RFC 5947            Multiple AOR reachability in SIP      September 2010


   The terms address of record (AOR), proxy, REGISTER, registrar,
   request, response, and user agent (UA) are to be interpreted as
   described in [RFC3261].

3.  Problem Statement

   A number of other standards organizations have addressed the issue of
   a SIP-PBX registering with its SSP, notably ETSI [ETSI_TS_182025] and
   3rd Generation Partnership Project (3GPP) [3GPP.24.229].  Also,
   various SSPs have produced proprietary specifications for use with
   their own offerings.  The reader is encouraged to review the
   documents produced by those organizations.

   A short summary of the general concept is as follows.  The figure
   below illustrates the scope of the problem.

    +----+
    | UA |----+
    +----+    |             - - - - - - - - - - - - - -
              |            :     SCOPE OF PROBLEM      :
    +----+    |            :                           :
    | UA |--+ |      +---------+                  +---------+
    +----+  | |      |         |                  |         |
            | +------|         |                  |         |
    +----+  +--------| SIP-PBX |------------------|   SSP   |
    | UA |-----------|         |                  |         |
    +----+           |         |                  |         |
                     +---------+                  +---------+
                           :                           :
     ---------------->     :    ------------------>    :
     UAs register with     :    SIP-PBX registers with :
     SIP-PBX on behalf of  :    SSP once on behalf of  :
     individual AORs       :    multiple AORs          :
                           :                           :
                           :    <------------------    :
     <----------------     :    SSP delivers inbound   :
     SIP-PBX forwards      :    requests to SIP-PBX    :
     inbound requests      :                           :
     to appropriate UAs    :                           :
                            - - - - - - - - - - - - - -

   In virtually all models, the SIP-PBX generates a SIP REGISTER request
   using a mutually agreed-upon SIP AOR -- typically based on the SIP-
   PBX's main attendant-/reception-desk number.  The AOR is often in the
   domain of the SSP, and both the To and From URIs used for the
   REGISTER request identify that AOR.  In all respects, it appears on





RFC 5947            Multiple AOR reachability in SIP      September 2010


   the wire as a "normal" SIP REGISTER request, as if from a typical
   user's UA.  However, it generally implicitly registers other AORs
   associated with the SIP-PBX.

   For both 3GPP and ETSI mechanisms, the 200 OK response to the
   REGISTER request, sent after a successful authentication challenge,
   contains a P-Associated-URI (PAU) [RFC3455] header field listing the
   other SIP URIs or TEL URIs (i.e., phone numbers) of the SIP-PBX,
   which are implicitly registered AORs.  The registered reachability
   information from the REGISTER request will be used to reach not only
   the single explicitly registered AOR but also each of the implicitly
   registered AORs.  In order to reduce the number of PAU entries, a
   "wildcard" syntax model is defined [3GPP.23.003], which uses a
   regular expression syntax in the user field of the URI to express
   multiple AORs in a compressed manner.

   For routing requests for any of the explicitly or implicitly
   registered AORs from the SSP to the SIP-PBX, the Request-URI is
   typically replaced with the registered Contact URI.  In the case of
   3GPP and ETSI, the SSP has the option of using loose routing instead,
   and inserting the registered Contact URI as a loose route Route
   header field value, while leaving the Request-URI alone.  This
   decision is made based upon manually provisioned information in the
   registrar's database (i.e., the Home Subscriber Server (HSS)).

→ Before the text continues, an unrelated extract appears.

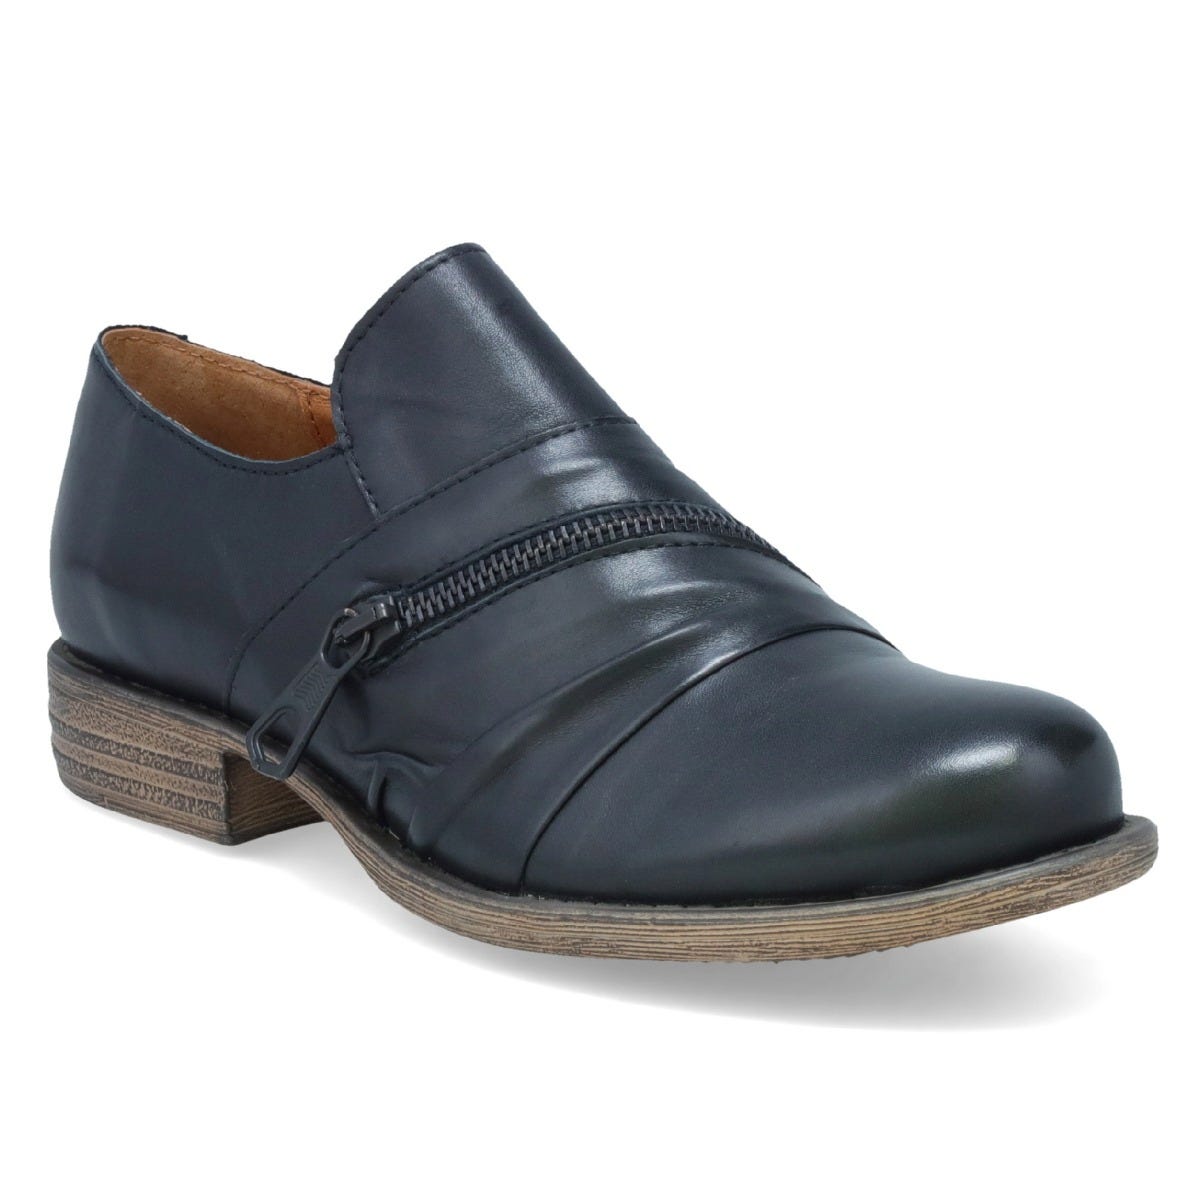 Outer front view of the miz mooz lyric oxford shoe. This flat shoe is a slip on. It is black with a decorative zipper over the instep.

3.1.  Issues with the REGISTER Transaction

3.1.1.  Mishandling by SIP-Aware Middleboxes

   None of the currently available mechanisms indicate that the REGISTER
   request or response is any different from a "normal" REGISTER request
   or response.  This has caused issues when SIP-aware middleboxes
   between the SIP-PBX and the registrar serve both SIP-PBXs and normal
   UAs yet need to apply different policies to the two cases.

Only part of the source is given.